Perhaps it’s not said enough: pip is for development. If you want to install packages and set permissions such that the code can’t overwrite itself (a W^X vulnerability), you’ll need to run pip as different non-root user and/or set the permissions and/or use an OS package manager with per-file hashes.

Again, does TUF have a signed list of who is authorized to sign releases of each package? How can legit package shadowing work with that?

(Edit: this post has been moderated? Good luck with this.)

Your statement is incorrect. You need access to a verifiable and available copy. It doesn’t have to be a local copy.

That statement is at least misleading and IMHO also wrong. pip is designed for production deployment, but you have to implement additional checks to make it secure.

PEP 458’s use of TUF does not prevent malicious code on PyPI. Simply speaking every upload to PyPI will get a valid TUF signature. PEP 458 only indicates data integrity of PyPI and its mirrors after packages have been uploaded. A correct PEP 458 signature does not imply trust in a package, only trust in PyPI infrastructure after uploads have been processed.

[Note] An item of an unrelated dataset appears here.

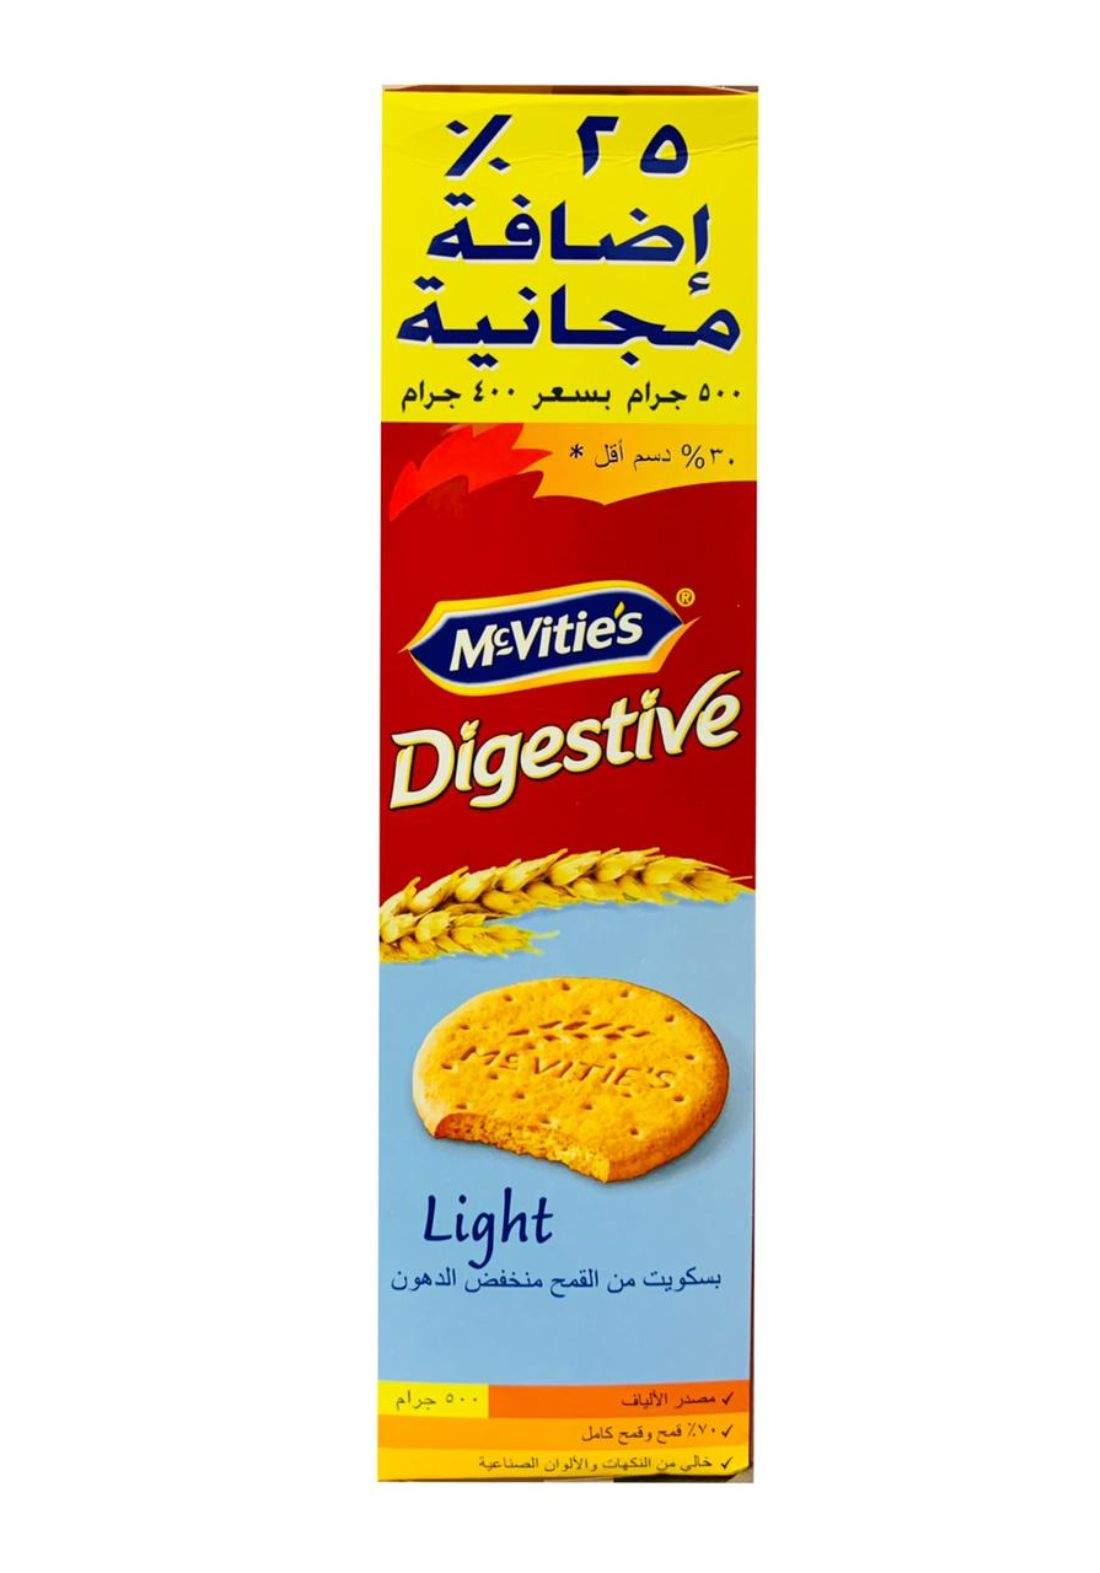 Digestive Biscuits Light 500g  بسكوت دايسجتف لايت

Precisely. A key point about this exploit is that it attacks environments that don’t implement sufficient additional infrastructure (dependency pinning, audited and curated internal PyPI proxies). While it’s reasonable for pip and PyPI to try to mitigate the risks here, IMO the real message of this report is that there are a lot of companies who should know better, not investing enough in that sort of infrastructure.

One thing that could be done is better documentation and publicity on “how to build a robust and secure Python development environment”. But the only people who can do that are companies who have built such an environment, so it’s a bit of a chicken-and-egg problem :slightly_frowning_face:

3 Likes

Let’s be clear here. Pip doesn’t prevent anything, because pip by design downloads and runs arbitrary code from the internet (that’s what an install from source of a setuptools-based project does). Pip has mechanisms that people can use to limit exposure, but none of them are mandatory, and I don’t expect them to ever be mandatory.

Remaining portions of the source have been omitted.